The rest of the paper is organized as follows: in “Background” we frame our proposal in the context of machine learning and satellite onboard deployment, in “Data” we present the datasets that we used for training the model and the test dataset collected for this work which is made public with this paper, in “Methodology” the proposed methodology for change detection and baseline models are presented, “Experimental setup” discusses the metrics and hardware that we used for the experiments; finally, “Results” shows the results of the models and baselines on the annotated dataset and benchmarks the proposed model on constrained hardware and “Conclusion” summarises the conclusions of the paper.


Anomaly detection

The use of VAEs has been explored for unsupervised anomaly detection in17, where the model reconstruction error is used as anomaly score. Our approach differs in that, instead of basing our predictions on the reconstruction error of a single input, which has been shown in18 to be an unreliable indicator in the unsupervised context, we consider a sequence of input images from the same location and score them based on their distance in the VAE’s latent space. We could also represent a sequence of images (or extracted tiles) as a single data point, where we would later use methods such as for example Reed-Xiaoli19, or Mixture of Gaussians to detect anomalous and background sequences. Our problem is however better framed as change detection.

Change detection

The need for annotations of supervised change detection techniques, such as siamese networks in20, can be reduced using active learning approaches as demonstrated in21, but then it still lacks in terms of generality. The main challenge of unsupervised change detection is being able to distinguish changes of interest from spurious change due to noise. Many existing approaches22,23,24 achieve this by combining dimensionality reduction techniques, such as Principal Component Analysis25,26, and clustering, such as k-means, to detect only relevant change between images of consecutive passes. Approaches based on neural networks (see27 for a review) rely instead on supervised auxiliary tasks, such as semantic segmentation, to extract informative features that are then used to detect change in a time series. Our method leverages neural networks without requiring supervision at any stage. Our chosen method is closest to the work of28, however the focus of on-board deployment is novel.

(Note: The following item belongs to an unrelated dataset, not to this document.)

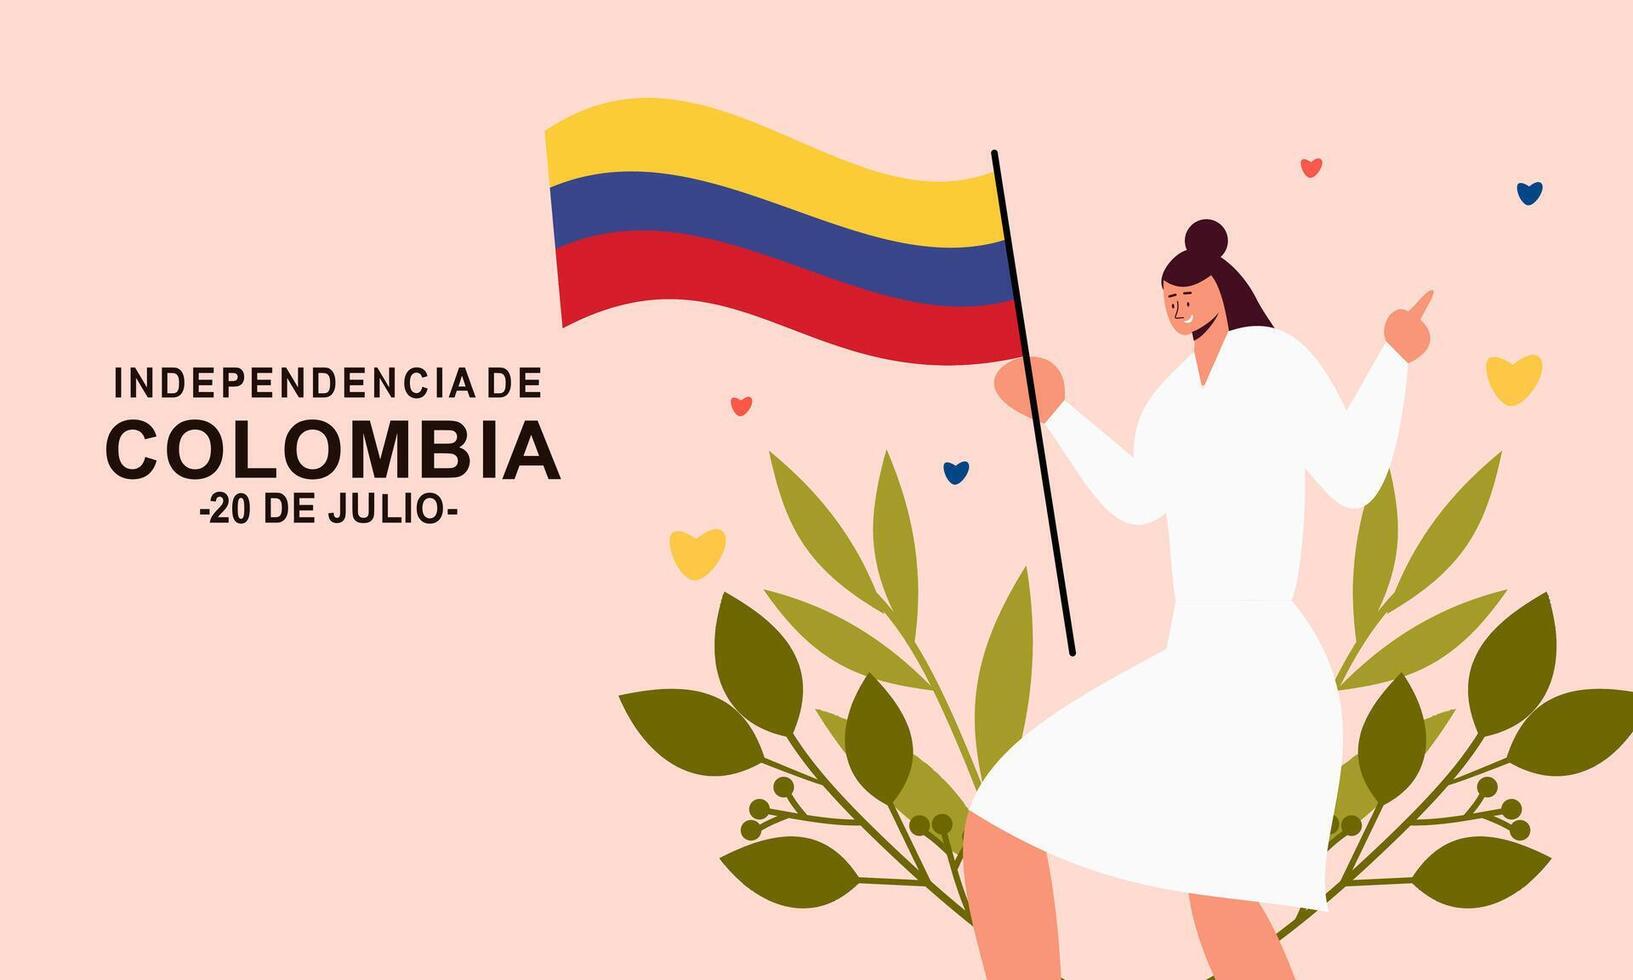 colombianska oberoende dag firande. juli 20. vektor illustration
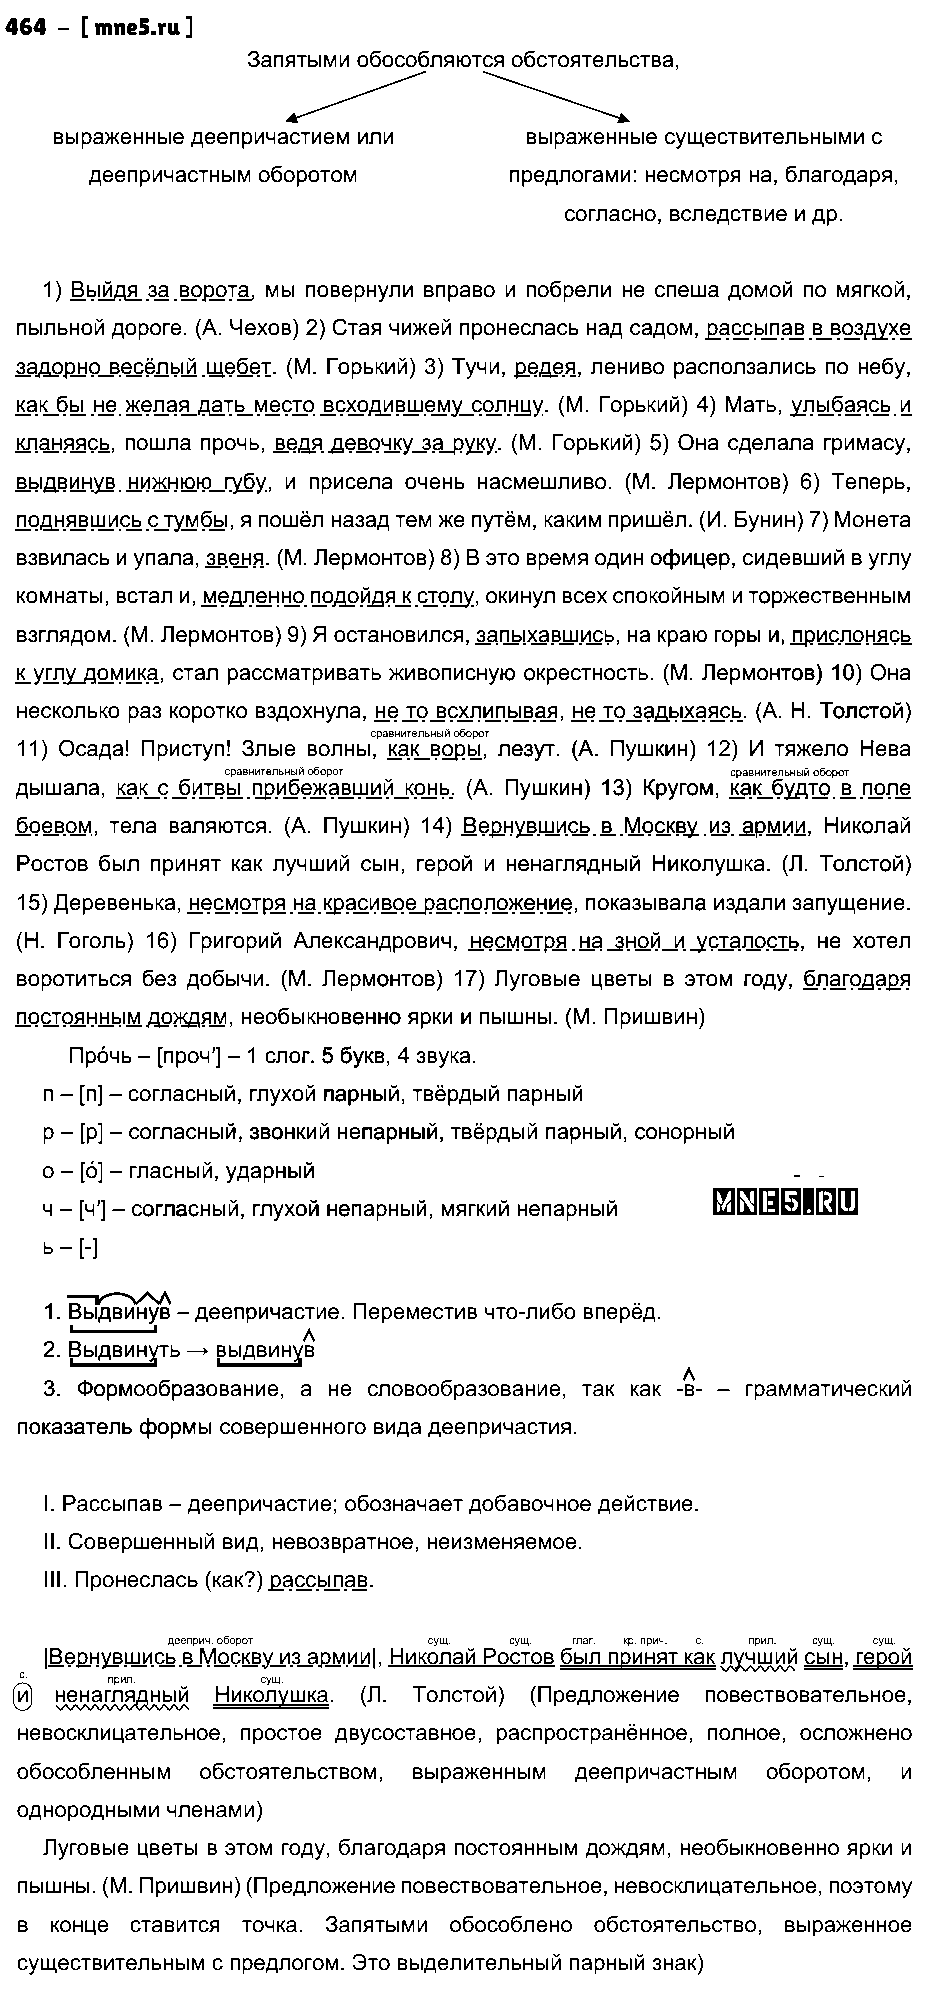 ГДЗ Русский язык 9 класс - 464

ML deployment on satellites

Deploying machine learning models onboard remote sensing platforms has been identified as a potential solution to optimize downlinking communication and onboard storage13,29,30. Most of current public and commercial missions such as e.g. ESA PRISMA31 or Maxar’s WorldView-3 acquire images on demand when they are tasked from the ground (specifically when they flight over an specific area of interest). Even global missions, such as Sentinel-1 or Sentinel-2 acquire images only over certain pre-configured conditions (more frequently over Europe and over land locations respectively). Our proposal demonstrates that with relatively simple ML models we can deploy autonomous algorithms to decide onboard which tiles within an acquisition shall be downlinked based on the retrieved observation. With this system we aim to showcase a change of paradigm in Remote Sensing operations: from a regime where sensors acquire and downlink data based on ad-hoc manual configurations to autonomous acquisitions where the sensing platform continuously evaluate if retrieved data has value to prioritise its download or discard it.


Figure 1
figure 1

Locations used for training (a) and validation (b) images.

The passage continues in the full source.